__Data provided__.
▶
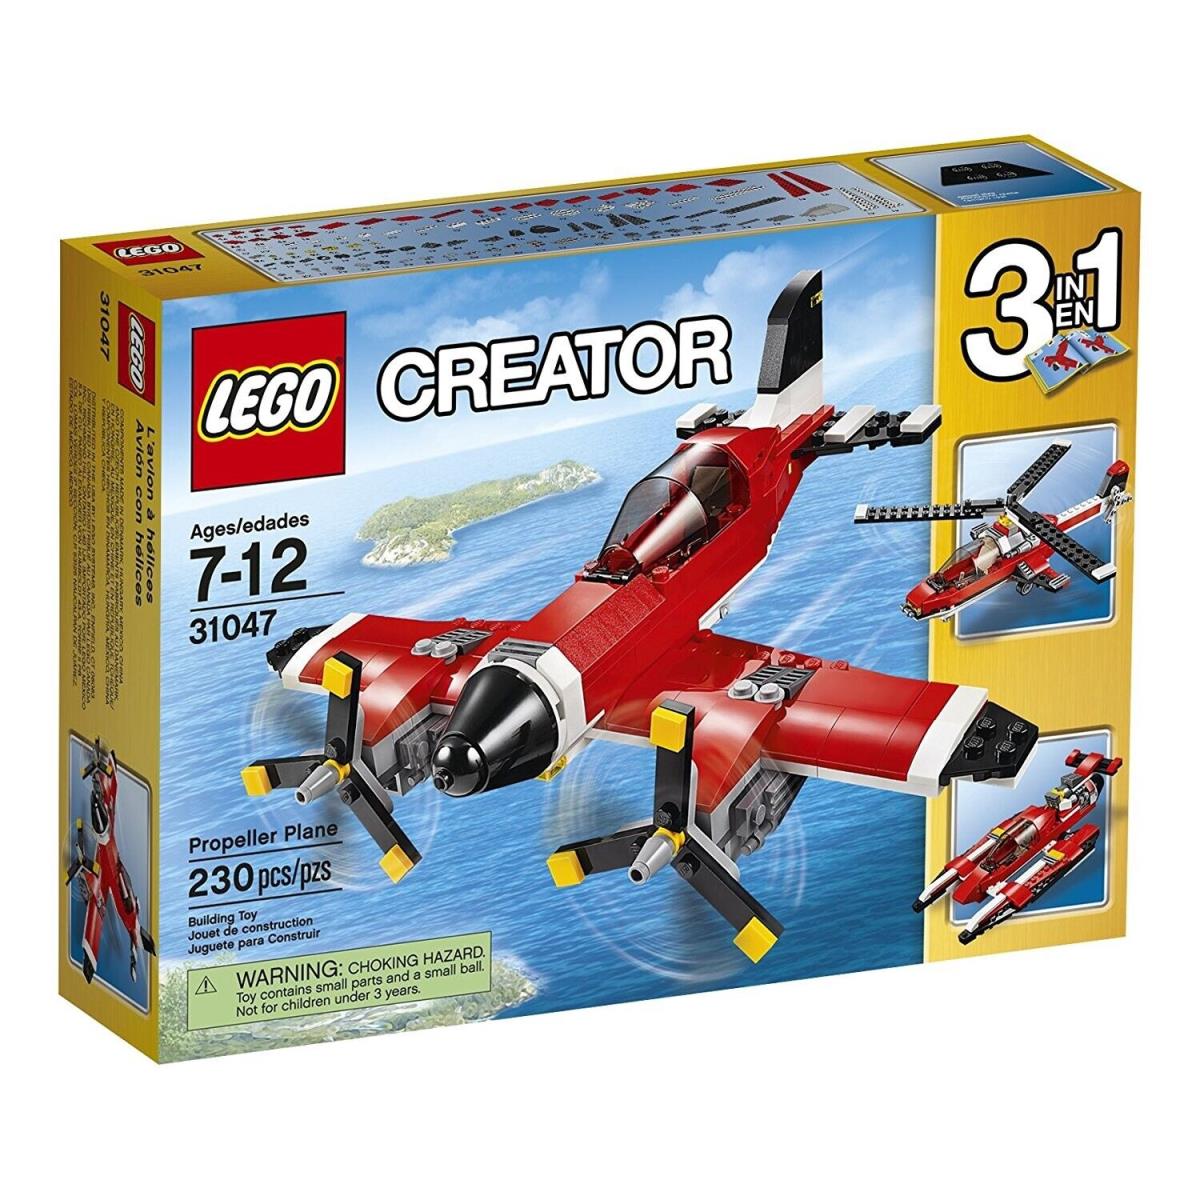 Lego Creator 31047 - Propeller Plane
◀
▶
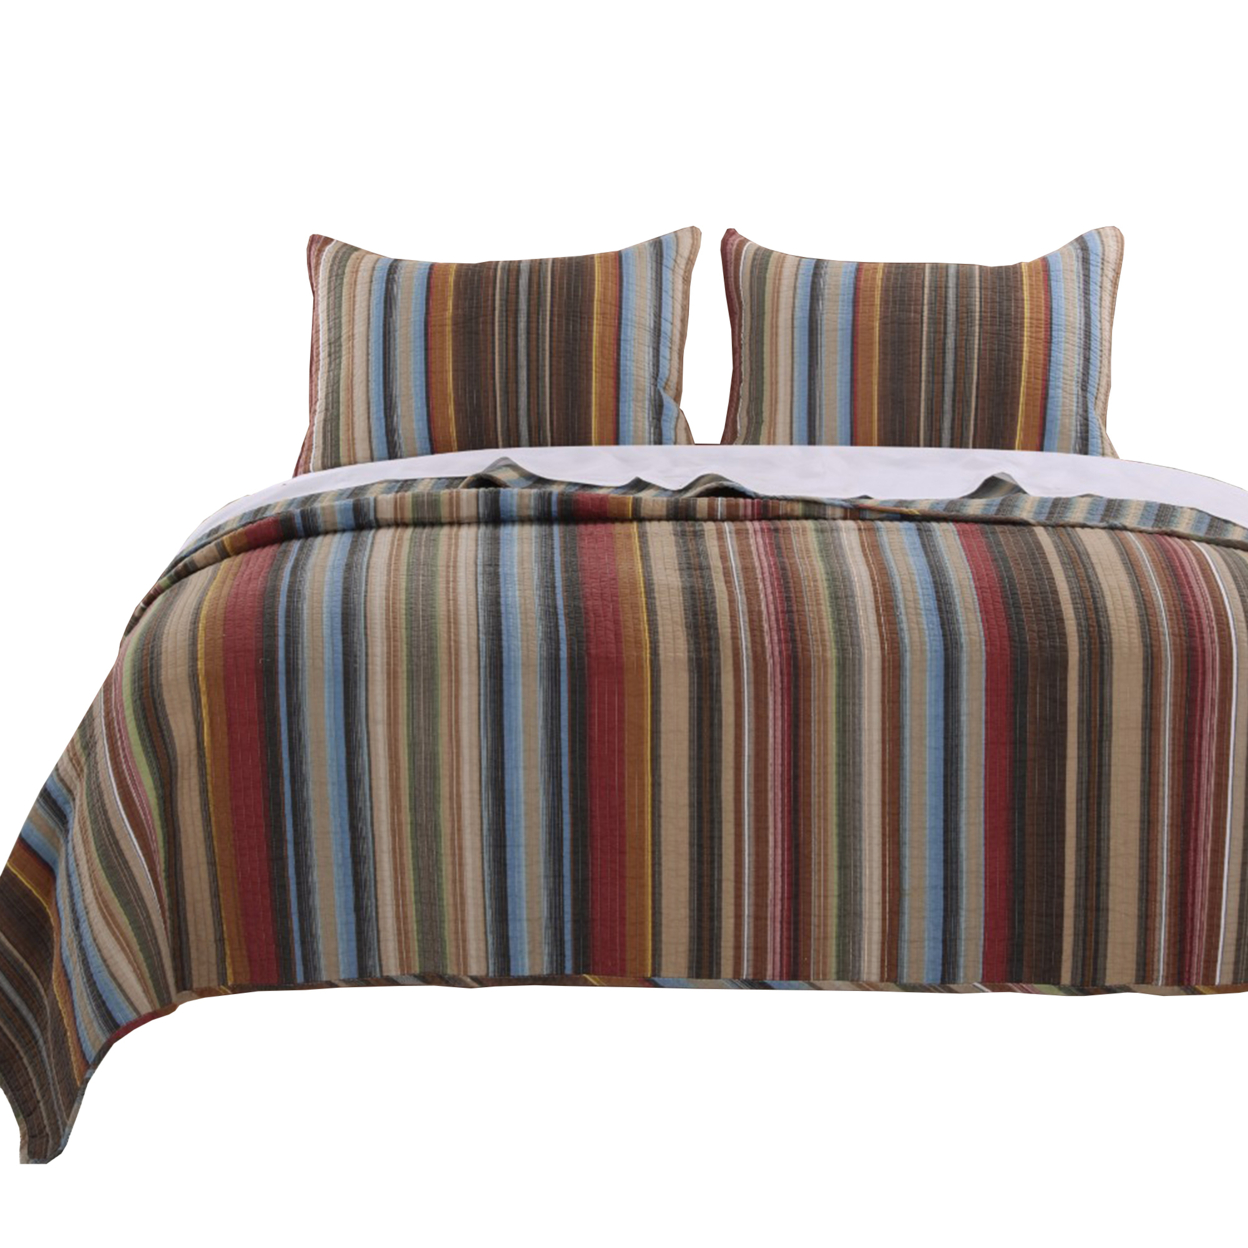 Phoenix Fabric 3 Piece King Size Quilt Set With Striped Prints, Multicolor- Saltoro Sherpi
◀
▶
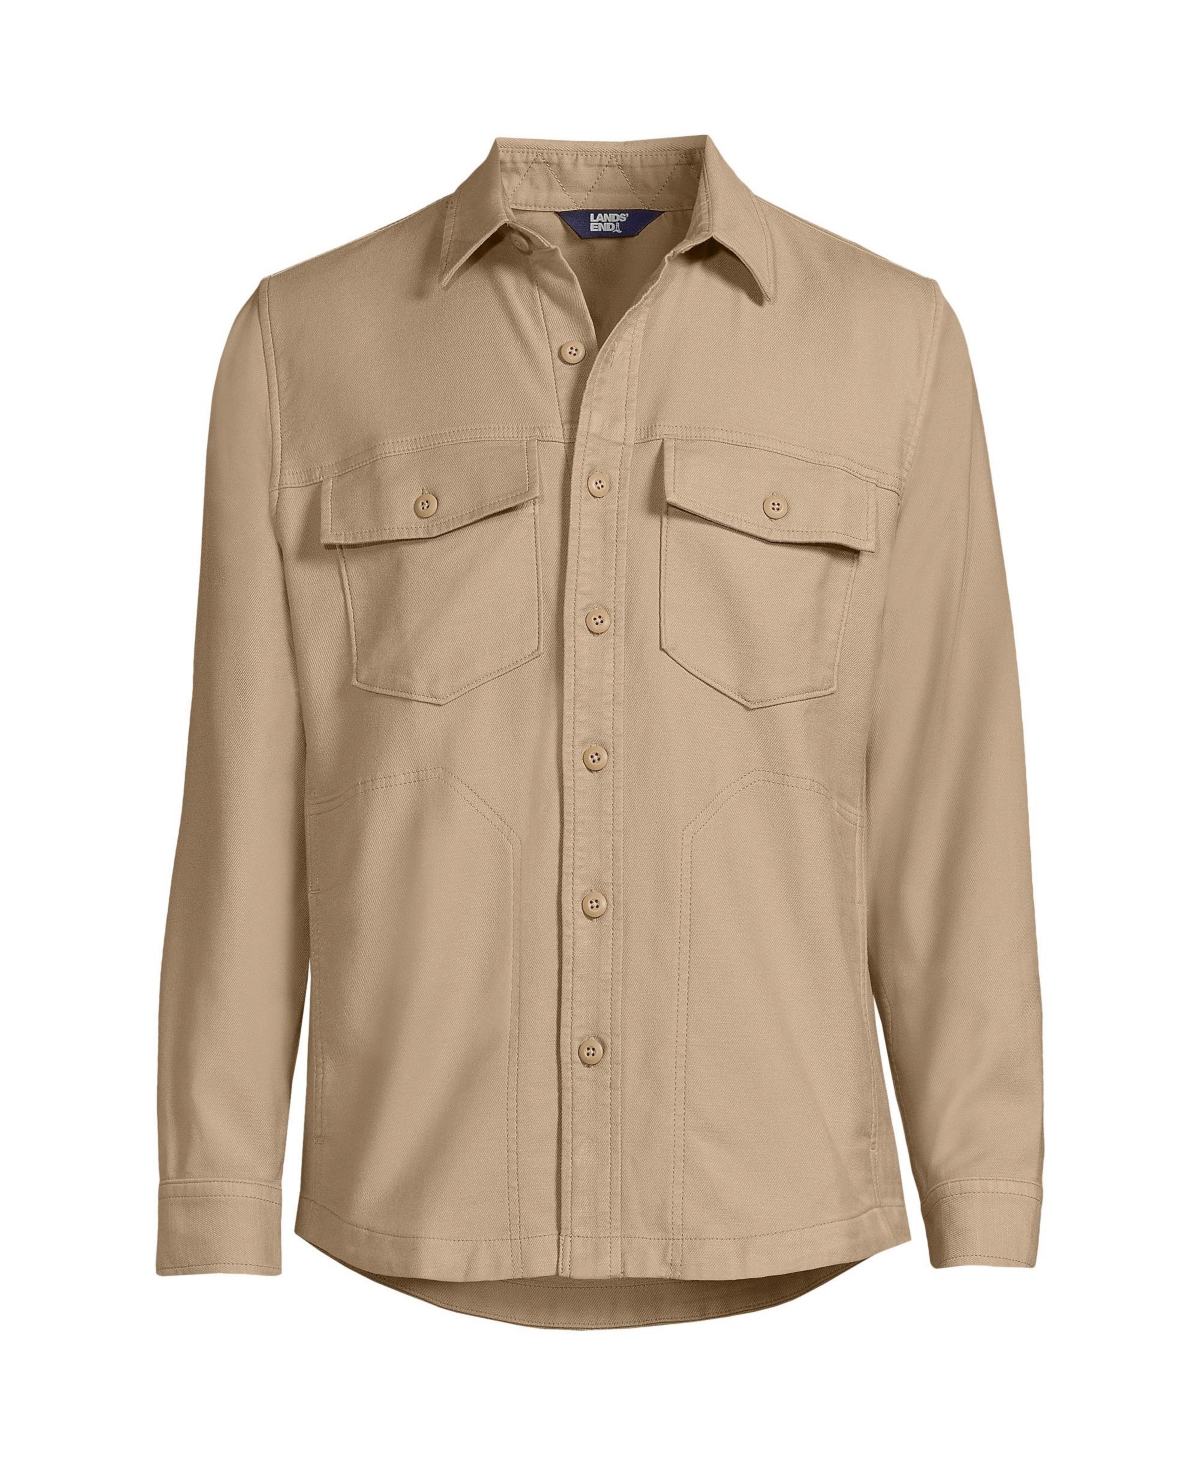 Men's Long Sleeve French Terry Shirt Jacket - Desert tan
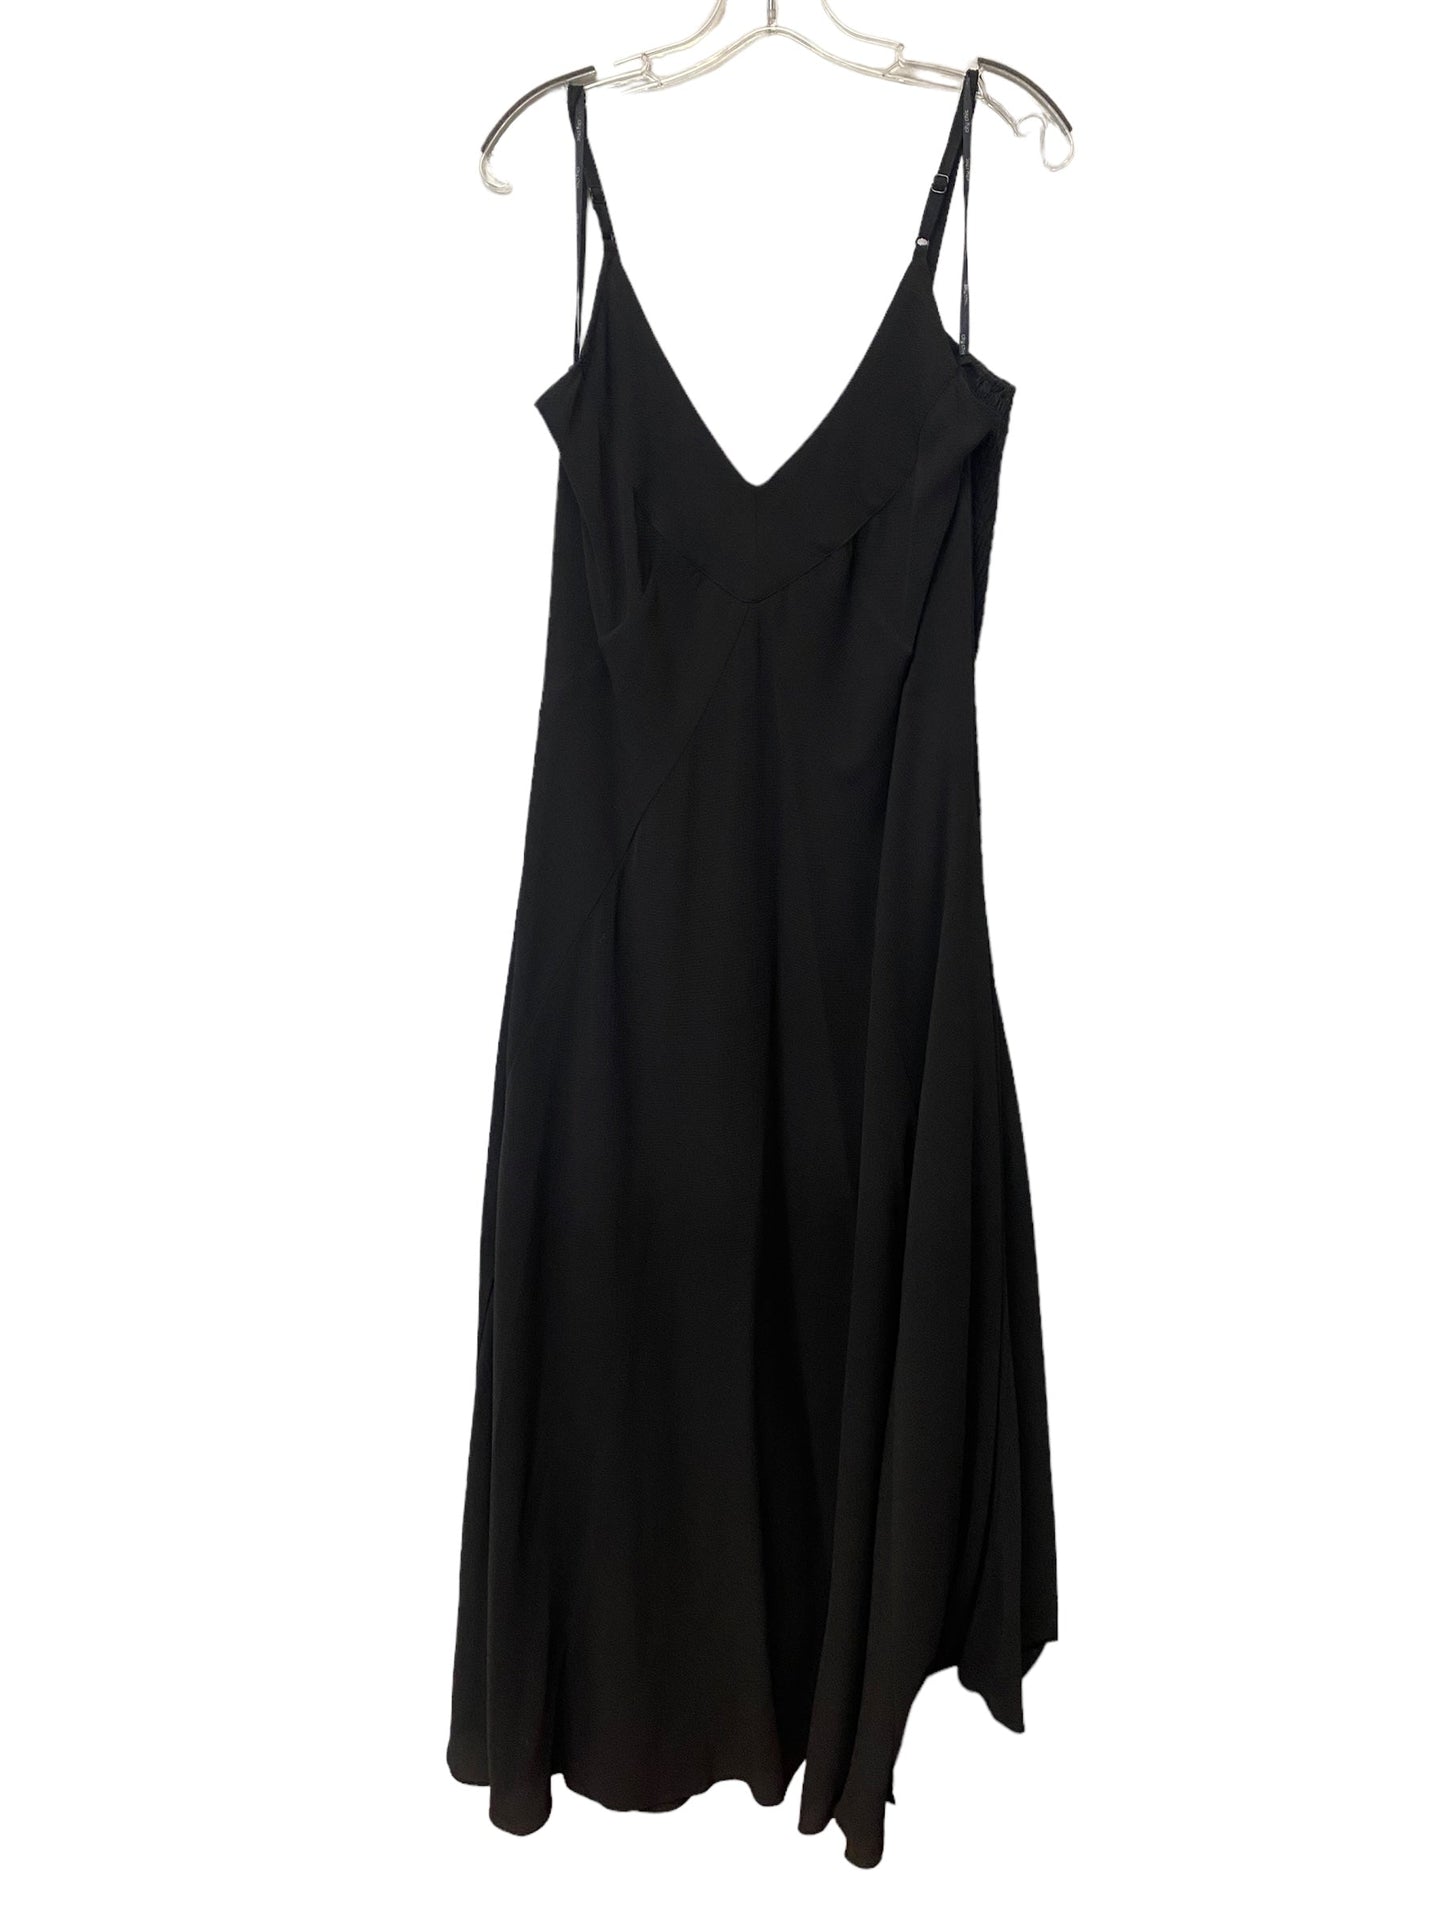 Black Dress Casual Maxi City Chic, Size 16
◀
__What to do__.
Using the records above, return verbatim only the part that opens with the line containing "Men's Long Sleeve" and closes with the line containing "Black Dress Casual Maxi City Chic, Size 16"; pictures stay out.

__Exercise response__.
 Men's Long Sleeve French Terry Shirt Jacket - Desert tan
 Black Dress Casual Maxi City Chic, Size 16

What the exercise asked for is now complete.